Leader of opposition in Bihar Assembly Tejashwi Prasad Yadav of the Rashtriya Janata Dal on March 1 called on the West Bengal chief minister Mamata Banerjee in Kolkata to ensure full support of his party to the Trinamool Congress in the coming election.
Incidentally, former Uttar Pradesh chief minister and Samajwadi Party leader, Akhilesh Singh Yadav also called up Mamata over phone to extend full support to her in her fight against the saffron party.
Though both Mamata and Tejashwi addressed a joint Press conference they did not speak anything on the number of seats RJD would contest.
Sources said that as RJD has no strong base in West Bengal it may not demand any seat and that the offer to back TMC would be one-sided as the larger goal is to defeat the BJP.
Mamata told the media-persons that Tejashwi’s fight is her fight and her fight is Tejashwi’s fight. She was grateful to him for lending support to the TMC.
Tejashwi, on his part, clarified that his party is supporting Mamata, and not Congress, for the larger cause. To buttress his point, he cited the example of Kerala, where the Congress and Left are contesting against each other while in West Bengal they are together in alliance.

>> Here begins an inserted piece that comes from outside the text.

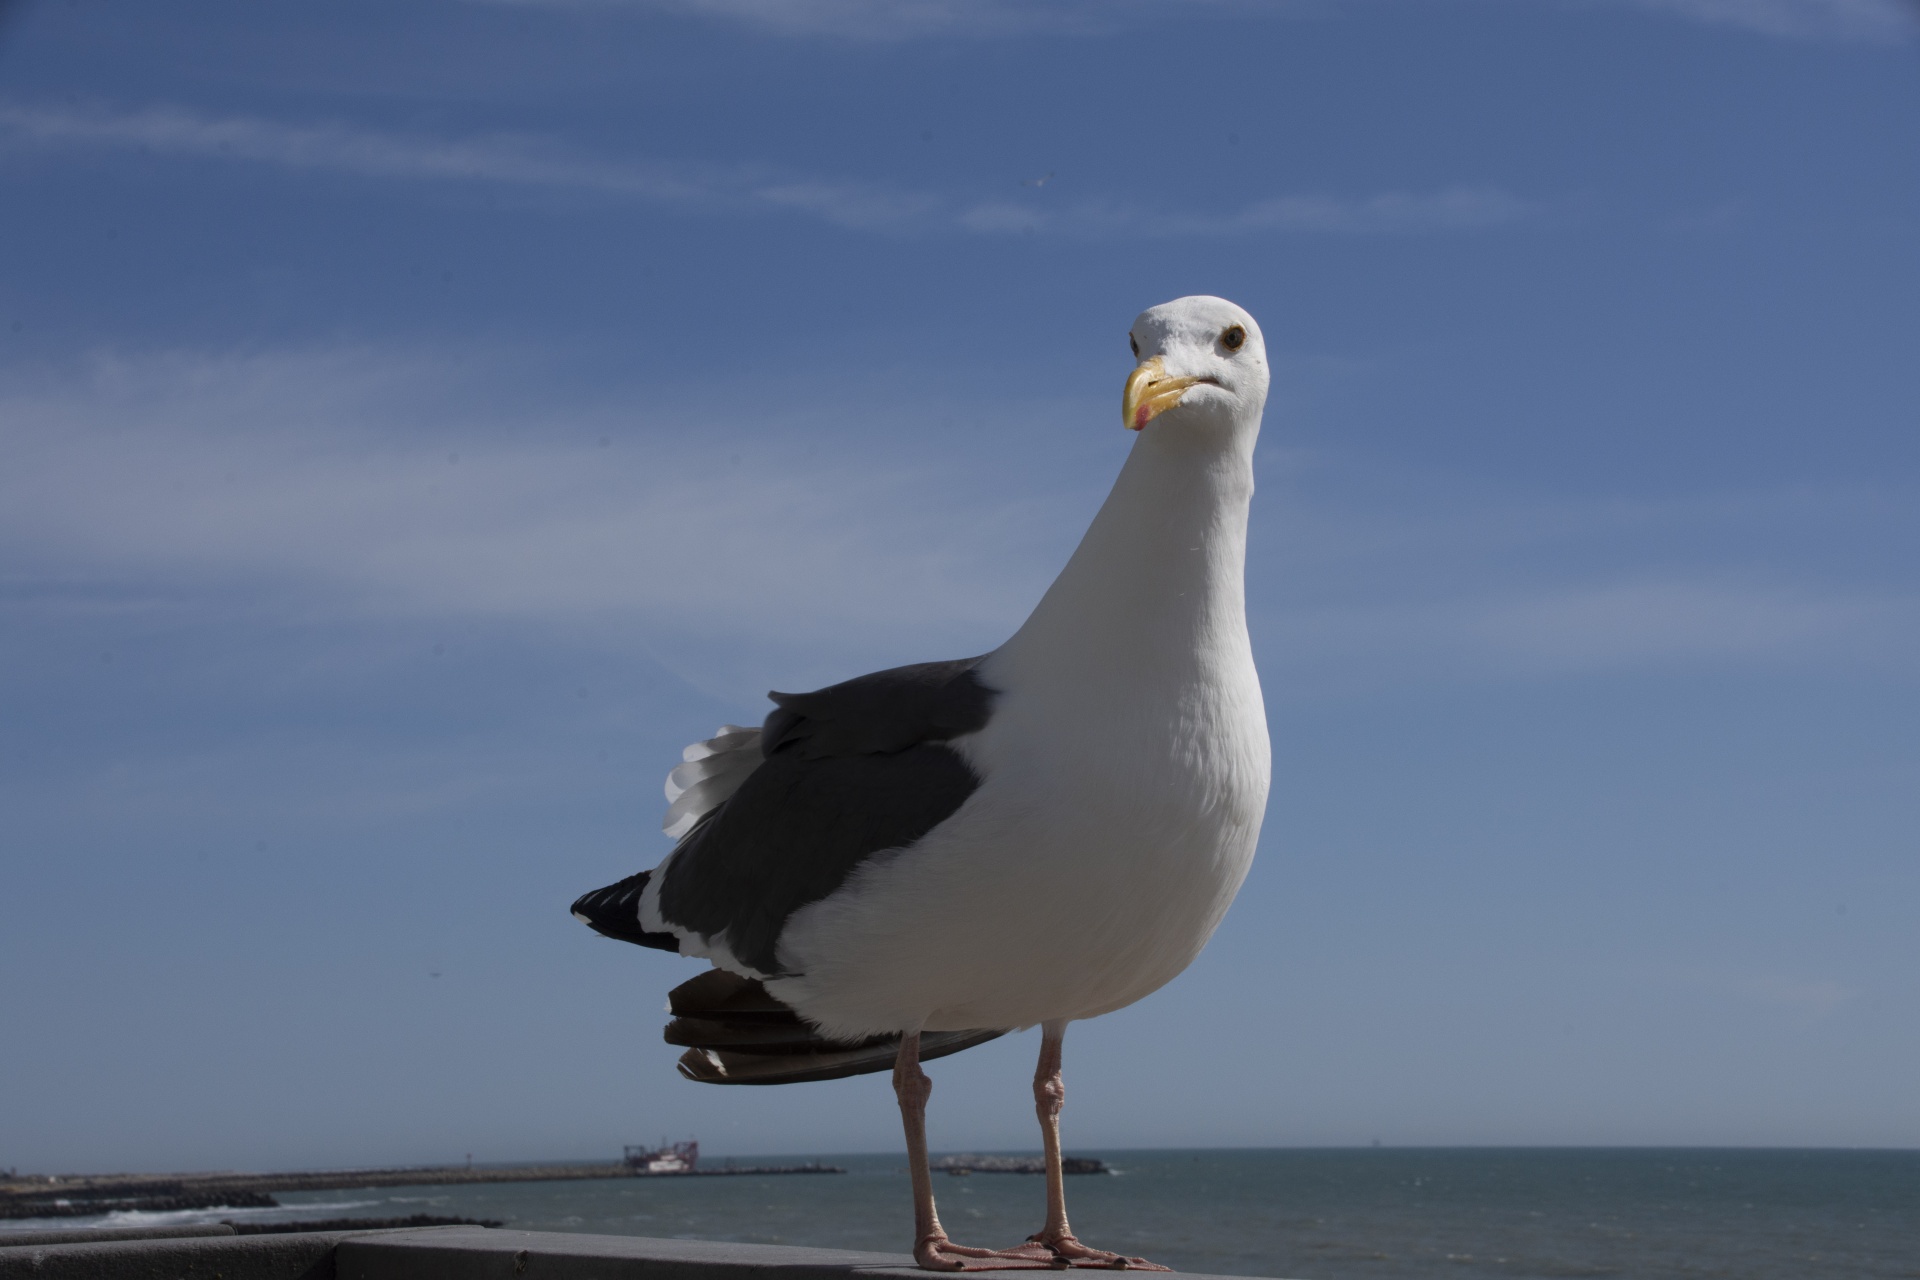 Curious Seagull

RJD, which is in alliance with the Congress and Left parties in Bihar and is supporting them in Assam (from where Tejashwi had landed in West Bengal), rejected the idea of joining the Congress-Left combination in West Bengal.
West Bengal watchers are of the view that the support of Tejashwi—and even Akhilesh—would be crucial to the TMC as there are sizeable Hindi-speaking voters in this state. The BJP is leaving no stone unturned to woo this section of the electorate. Tejashwi is likely to campaign among them. Curiously, Tejashwi’s move has the blessing of his father, Lalu Prasad Yadav.